You will still have the character Ö
, not O
; is that OK?
If you get Ö
, then there is a mixture of utf8 and latin1. That is a different problem.
Upvotes: 0
Reputation: 96159
Please bare my somewhat lengthy response.
Let's start with your second question. %C3%96
means that the bytes 0xC3 and 0x96 are transmitted. Those two bytes encode the character Ö
in utf-8.
From this (and that your query yields the described results) I assume that you're using utf-8 all the way through.
The lexicographical order of characters of a given charset is determined by the collation used.
That's more or less an ordered list of characters. E.g. A,B,C,D,.... meaning A<B<C
....
But these lists my contain multiple characters in the same "location", e.g.

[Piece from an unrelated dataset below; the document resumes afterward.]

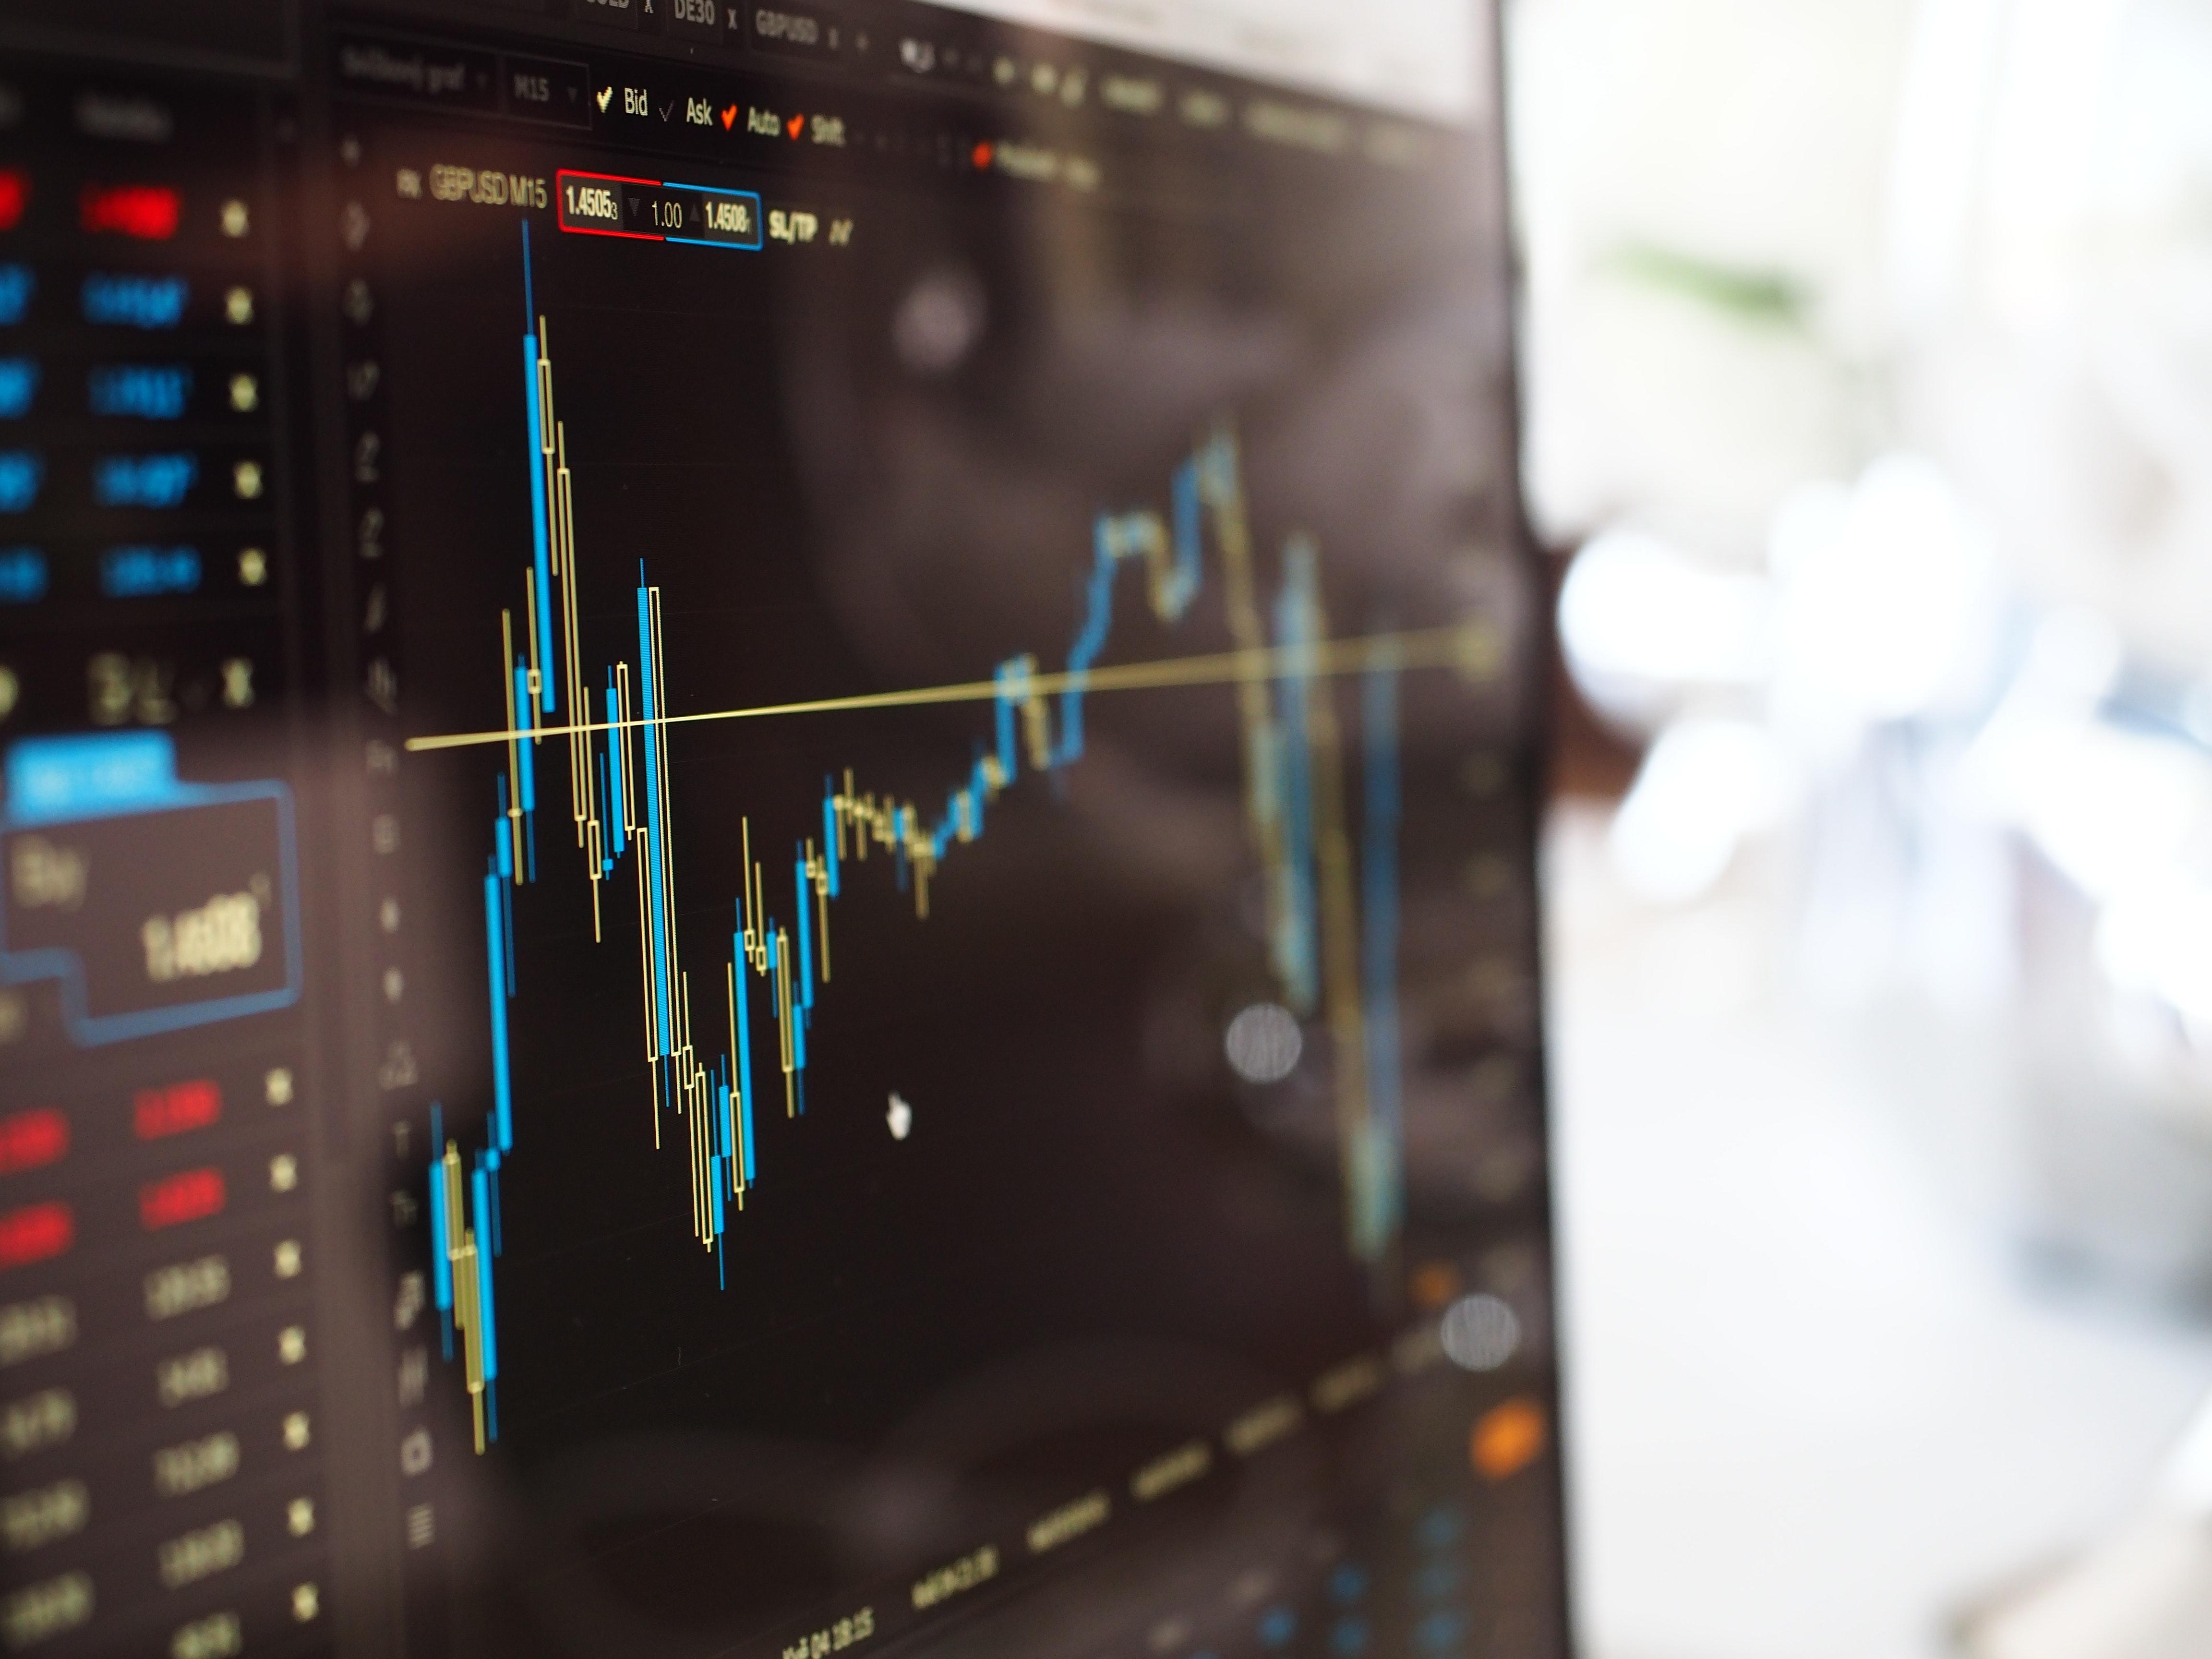 graphique de trading

[A,Ä],B,C,D.... meaning that A==Ä->true
___ excursion, not immediately relevant to your question ____
Let's take a look at the "name" of the character Ö
, it's LATIN CAPITAL LETTER O WITH DIAERESIS
.
So, the base character is O, it just has some decoration(s).
Some systems/libraries allow you to specify the "granularity"/level/strength of the comparison, see e.g. Collator::setStrength of the php-intl extension.
<?php
// utf8 characters
define('SMALL_O_WITH_DIAERESIS', chr(0xC3) . chr(0xB6));
define('CAP_O_WITH_DIAERESIS', chr(0xC3) . chr(0x96));
$coll = collator_create( 'utf-8' );
foreach( array('PRIMARY', 'SECONDARY', 'TERTIARY') as $strength) {
echo $strength, "\r\n";
$coll->setStrength( constant('Collator::'.$strength) );
echo ' o ~ ö = ', $coll->compare('o', SMALL_O_WITH_DIAERESIS), "\r\n";
echo ' Ö ~ ö = ', $coll->compare(CAP_O_WITH_DIAERESIS, SMALL_O_WITH_DIAERESIS), "\r\n";
}
prints
PRIMARY
o ~ ö = 0
Ö ~ ö = 0
SECONDARY
o ~ ö = -1
Ö ~ ö = 0
TERTIARY
o ~ ö = -1
Ö ~ ö = 1
On the primary level all the involved characters (o,O,ö,Ö) are just some irrelevant variations of the character O, so all are regarded as equal.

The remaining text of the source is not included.